Kevin Dann

Personal information
- Full name: Kevin George Dann
- Born: 5 April 1958 Balmain, New South Wales, Australia
- Died: 21 February 2021 (aged 62)

Playing information
- Position: Fullback
Club
| Years | Team | Pld | T | G | FG | P |
| 1977–84 | Penrith Panthers | 121 | 40 | 100 | 1 | 322 |
Representative
| Years | Team | Pld | T | G | FG | P |
| 1980 | New South Wales | 1 | 0 | 1 | 0 | 2 |
- Source:

= Kevin Dann =

Australian rugby league footballer (1958–2021)

Kevin George Dann (5 April 195821 February 2021) was an Australian professional rugby league footballer who played in the 1970s and 1980s. He played his entire club football career with the Penrith Panthers, as a .

==Playing career==
Dann was a Blacktown junior. He made his first grade debut at fullback in his side's 25−14 victory over Newtown at Henson Park in round 2 of the 1977 season. In his first season at Penrith, Dann made 19 appearances and finished the season as the team's top try scorer with 9 tries, despite these efforts, the Panthers would go on to finish in 10th position. Dann continued playing with the Panthers for the next several years and become known for his unique ability to score and set up tries, his excellent attacking kicking and his solid defence.

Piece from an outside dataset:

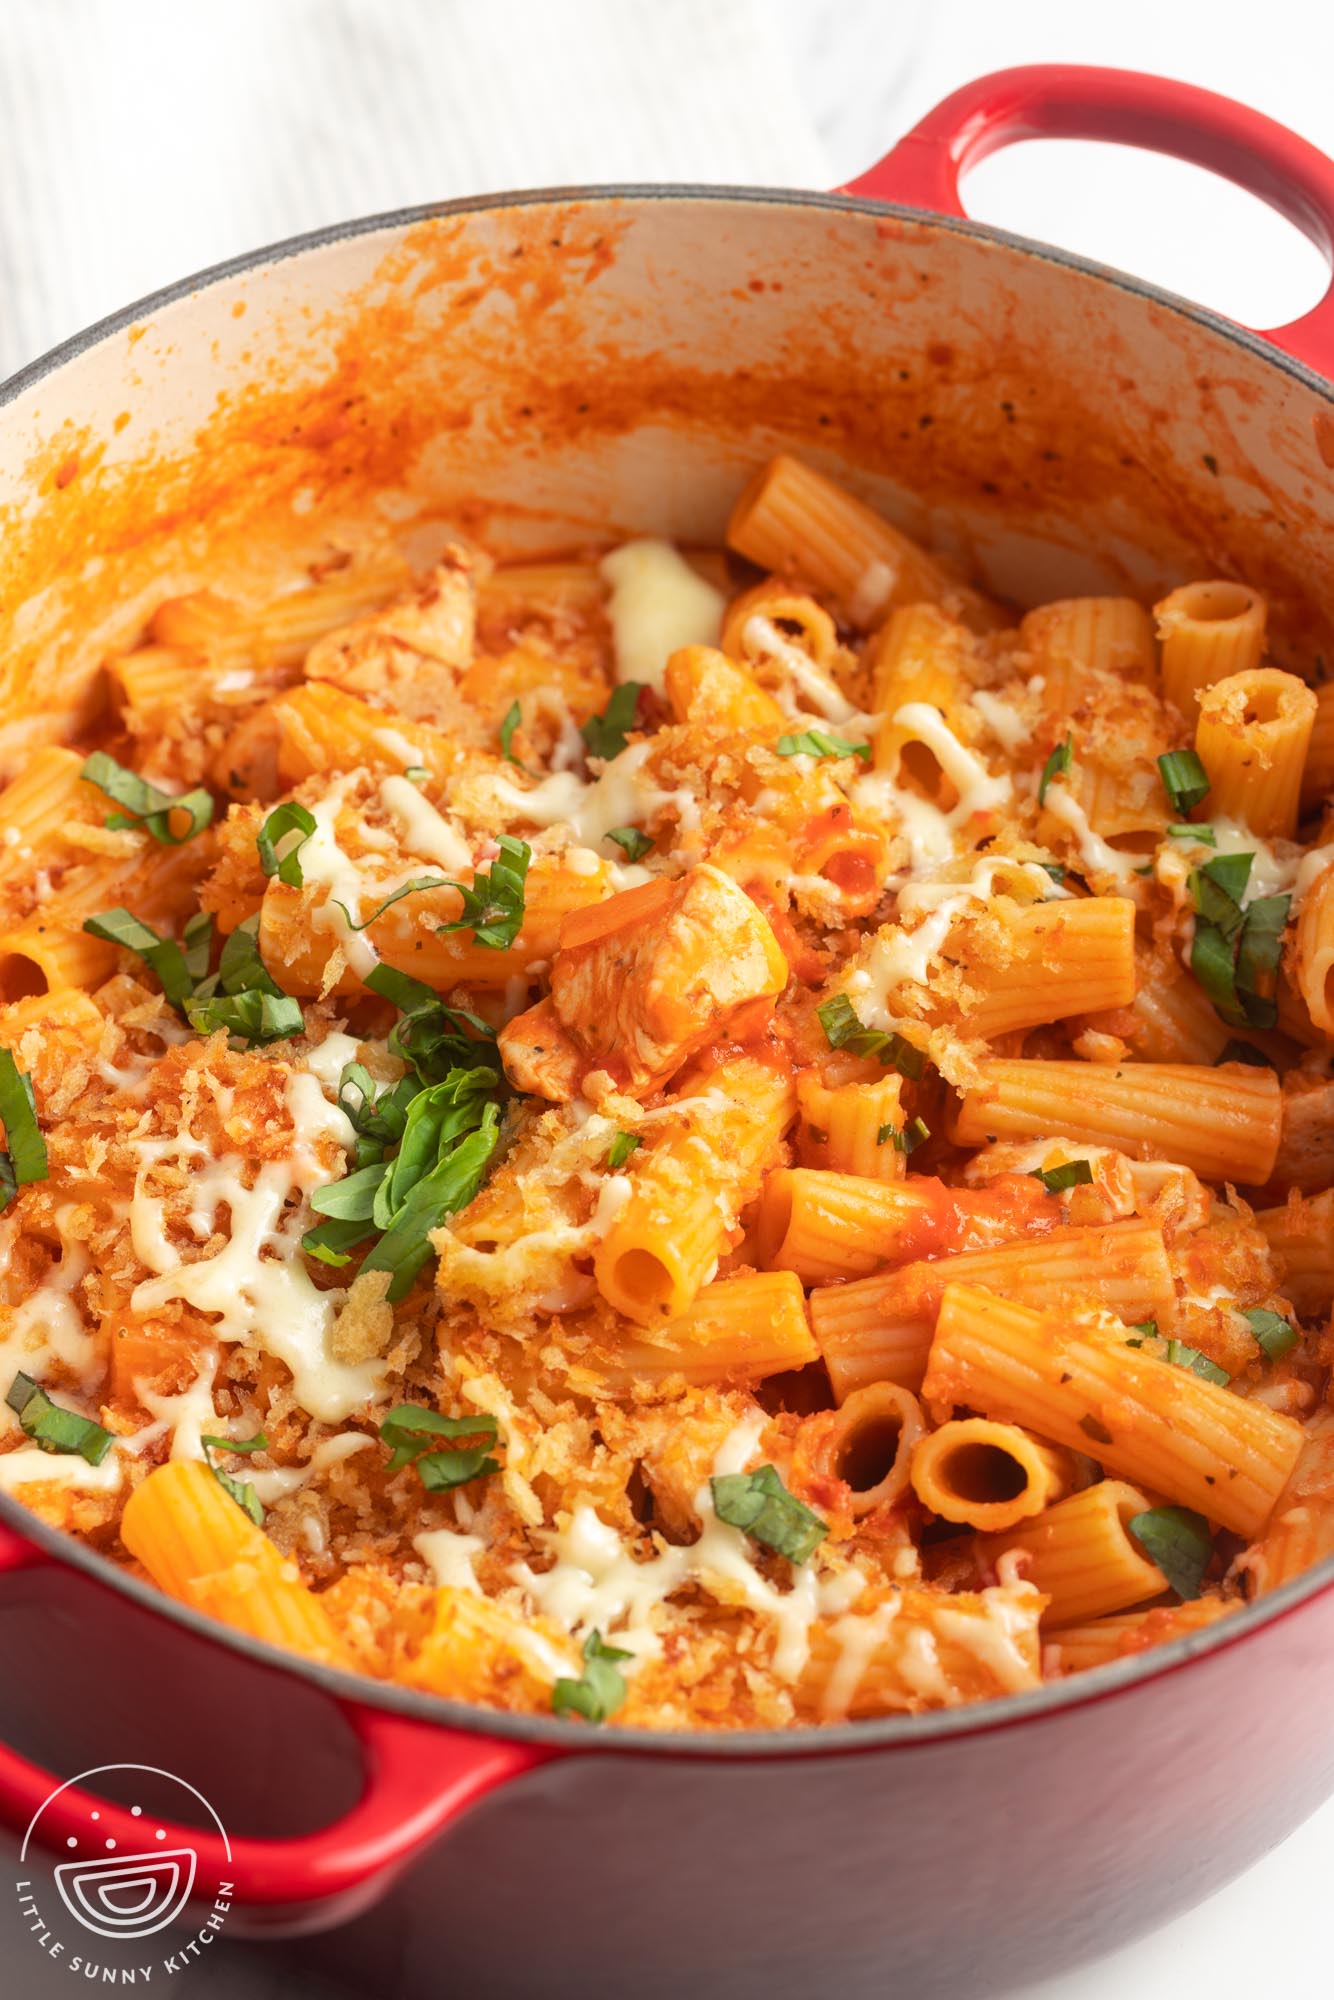 a large dutch oven filled with rigatoni and chicken in a tomato sauce, topped with cheese and breadcrumbs
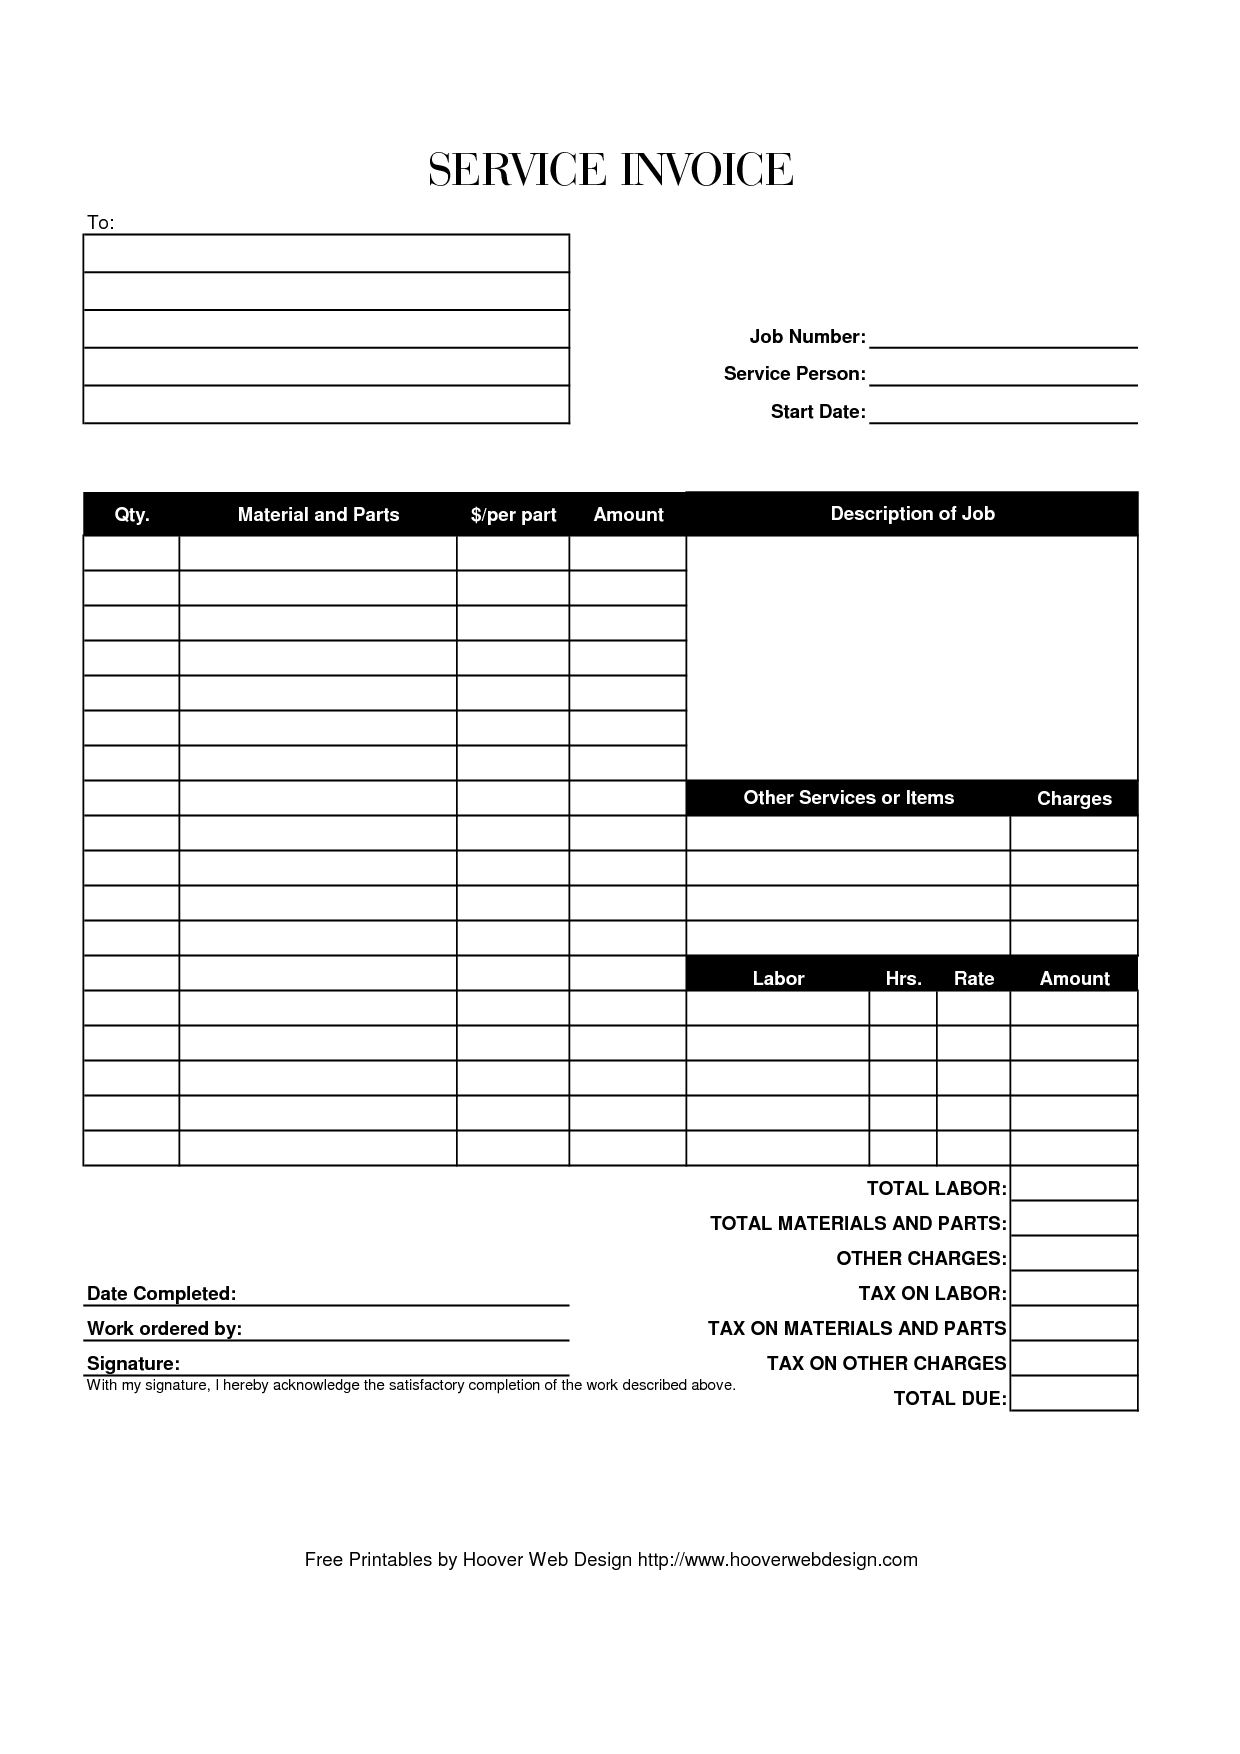 hoover receipts free printable service invoice template free invoice templates printable free

In 1978, Dann played in all 22 games for the club as they once again finished 10th. In 1979, Dann once again played in all 22 games, and finished the season as the team's top points scorer with 61 points (6 tries, 21 goals, and 1 field goal) as they would for the third consecutive season finish in 10th position.

In 1980, despite his side going on to finish with the wooden spoon for the second time in the club's history, Dann was one of the Panthers best players for the season, and his consistent efforts were rewarded when he was selected at fullback for the New South Wales side in game 2 of the 1980 interstate series. This would be his only appearance in a representative game as he was overlooked for selection in the 1980 Australian test side that toured New Zealand, Garry Dowling was instead chosen as the fullback. He was also overlooked for selection in the inaugural 1980 State of Origin game in favor of the more experienced fullback Graham Eadie.

Dann had his best season in 1981, when he finished the season as both the club's top try scorer with 9 tries, and their top points scorer with 89 points (9 tries and 31 goals), these efforts would once again not turn the club's fortunes around as the Panthers finished the 1981 season in 11th position. In 1982, for the third and final time, Dann finished the season as the team's top points scorer with 66 points (2 tries and 30 goals), these efforts would be forlorn for his side as they went on to finish the season in 12th position, they finished only ahead of the competition's newcomers Illawarra Steelers and Canberra Raiders in 13th and 14th respectively.

In 1983, injuries and poor form took its toll on Dann: he managed to make only six appearances for his side and retired prematurely at the end of the season. He returned in 1984 under Tim Sheens' coaching, but played only one more first grade match. In total, Dann played 121 games, scored 40 tries, and kicked 100 goals and 1 field goal. At the time of his retirement in 1984 until Greg Alexander surpassed him in the 1986 season, he was third highest points scorer in the club's history behind Bob Landers and Mark Levy. He currently ranks at 11th.

==Post playing==
In 2006, Dann was nominated as one of the fullbacks in the 40th Anniversary Penrith Panthers "Team of Legends" but ultimately lost out to Rhys Wesser.

Dann died on 21 February 2021, 43 days short of his 63rd birthday.